Israel, so discrete about its nuclear arsenal that it won’t admit to having it, does not forget that Iran has a history of financing groups like Hezbollah and Hamas. Neither does it forget that the ex-president of Iran, Mahmud Ahmadinejad, referred to wiping the “Zionist government” off the map several times, and the Prime Minister of Israel Benjamin Netanyahu, recently re-elected, has built his career on objecting to a Palestinian state as well as denouncing a nuclear Iran, to the point of clashing with Barack Obama, the American president, who won the Nobel Peace Prize, and who believes that his diplomatic legacy will be left in the Middle East.

Israel will not be the only one upset with this agreement. Another traditional ally of the United States, Saudi Arabia, is so suspicious of Iran that it became the world’s largest importer of weapons in 2014 and keeps its nuclear options on the table. Additionally, in a geopolitical dispute rooted in ethnicity — Arabs against Persians — and religion — Sunnis against Shiites — Saudi Araba gained a new front in Yemen, with Saudi planes bombing Houthi rebels who are pro-Iran.

Iran’s position is fragile in Yemen, a country in the south of the Arabian Peninsula, too distant from Tehran. It is solid, however, in Iraq, Syria and Lebanon, where it has powerful friends. On the opposing side of the fence is usually a faction that enjoys Saudi favoritism and whose King Salman claims to be the legitimate leader of the Muslim world, which is contested by the ayatollahs of Tehran.

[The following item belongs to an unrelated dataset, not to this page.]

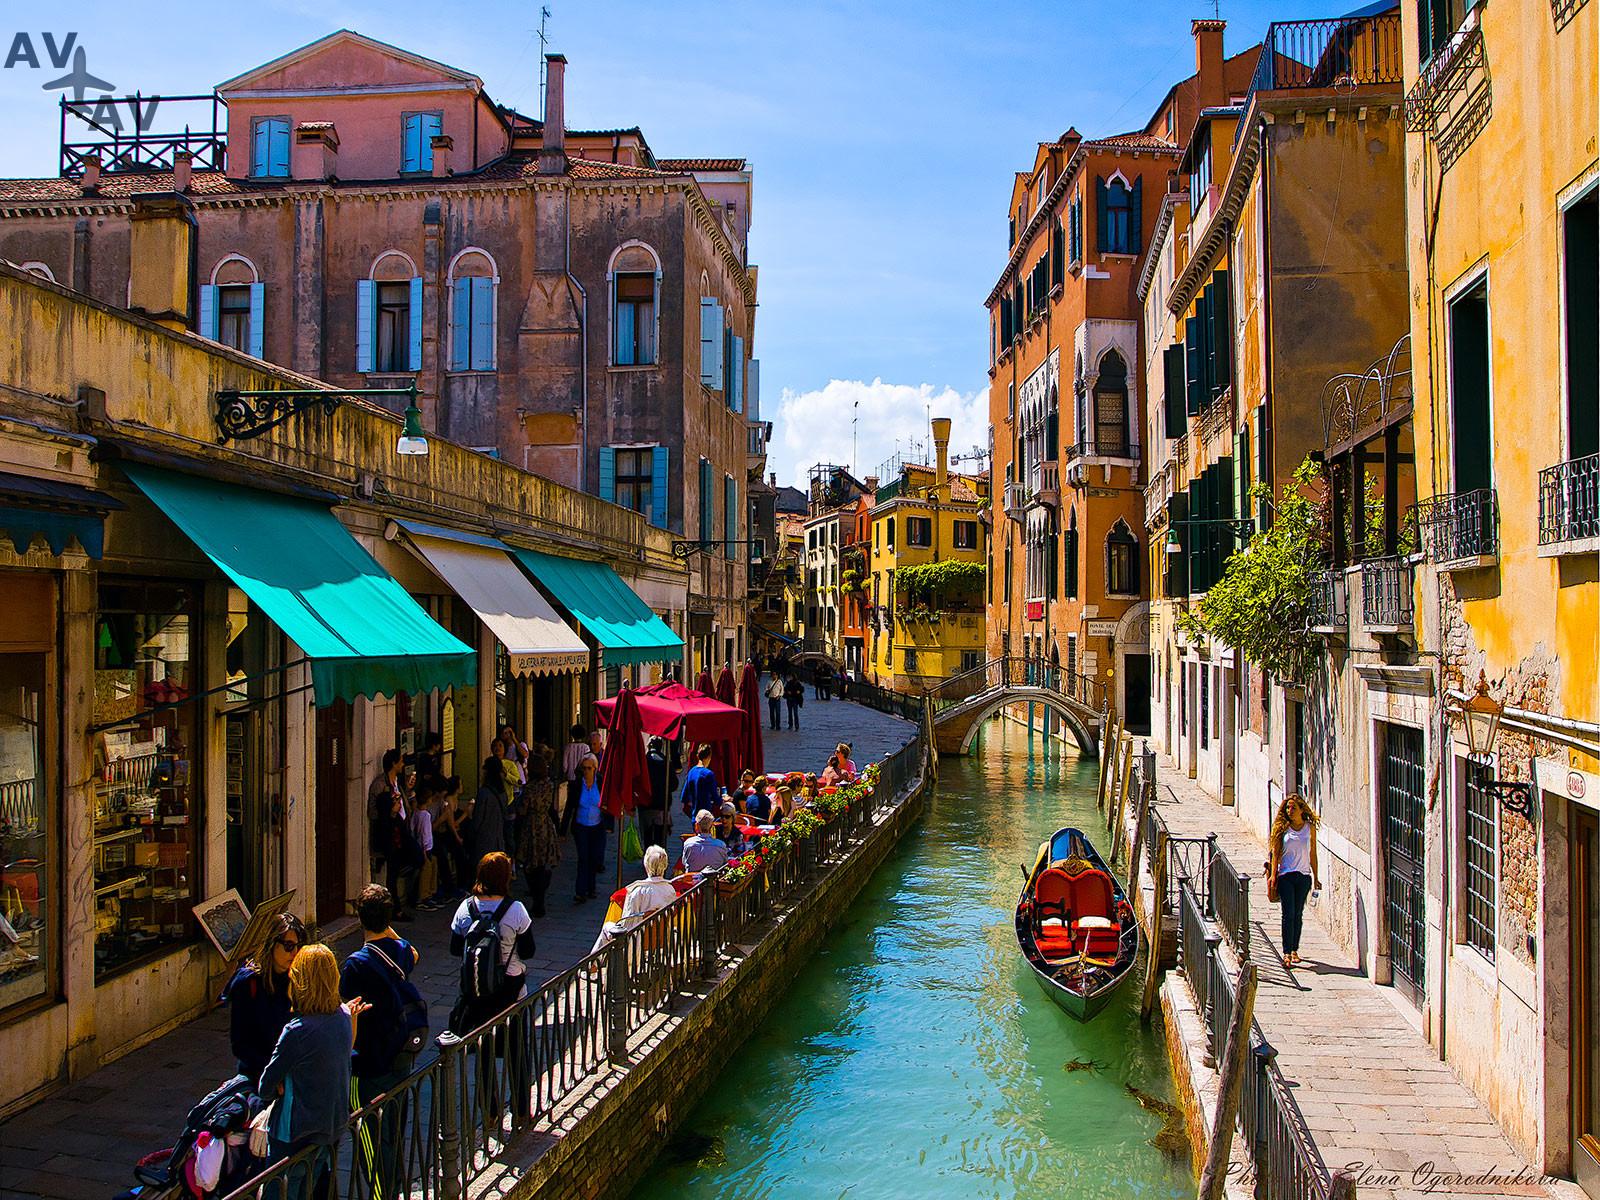 Neizvestnaya Venetsiya - Неизвестная Венеция

The fact that Obama has made progress in the agreement with Iran, against the wishes of the Israelis and Saudis (and the American Congress) proves that the president who succeeded George W. Bush in 2009 has historical perspective and that he, in contrast to his predecessor as well, does not ignore State Department specialists nor academics, as there are many in the U.S. who understand the Middle East. If Bush Jr. had listened to the Islamologists more and to neoconservatives less, perhaps the Middle East of today would be less of a complicated puzzle than it is.

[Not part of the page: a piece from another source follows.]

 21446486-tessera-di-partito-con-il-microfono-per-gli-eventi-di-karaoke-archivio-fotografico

Returning to Iran’s importance: It is one of the oldest nations, heir to the Persians who fought against Leonidas’ Spartans 2,500 years ago and, later, joined Alexander to form an extraordinary but ephemeral empire. They ceded to Islamization in the seventh century, but never gave up their language for Arabic. With the Safavid dynasty they officially made Shiite Islam the religion of the state to distance themselves from Sunni Islam, which surrounded them from the Ottoman Empire in the west to the Bedouin tribes in the south. Compared to those thousands of years, the Islamic Republic’s 36 seem negligible. Iranian society is also demanding openness that strengthens moderates like President Hassan Rouhani and forces a compromise with conservatives such as the supreme leader, Ali Khamenei. This is openness that does not jeopardize the country’s honor, as nationalism is strong with all Iranians; even those who criticize the regime do not argue with the fact that Iran has the right to nuclear technology.

There is a history of grievances between Americans and Iranians: The CIA, of 1953 toppling the Mosaddegh government; the kidnapping of the American ambassador in Tehran that only ended in January of 1981; the killing of marines in Lebanon by groups supported by the ayatollahs and when an Iranian plane was shot down by American missiles in 1988. However, in the time of the shah, Iran was seen as America’s gendarme in the Middle East. As early as the post-Obama era, and depending on who is president, it should not be a shock to witness the establishment of a surprising alliance of interests between the “Great Satan” and the Islamic Republic. The nuclear agreement is a sign. The cooperation in the fight against Islamic State in Syria and Iraq is another. Remember when Obama called Rouhani in 2013, and he said good bye in Persian? That is how you start to change the world.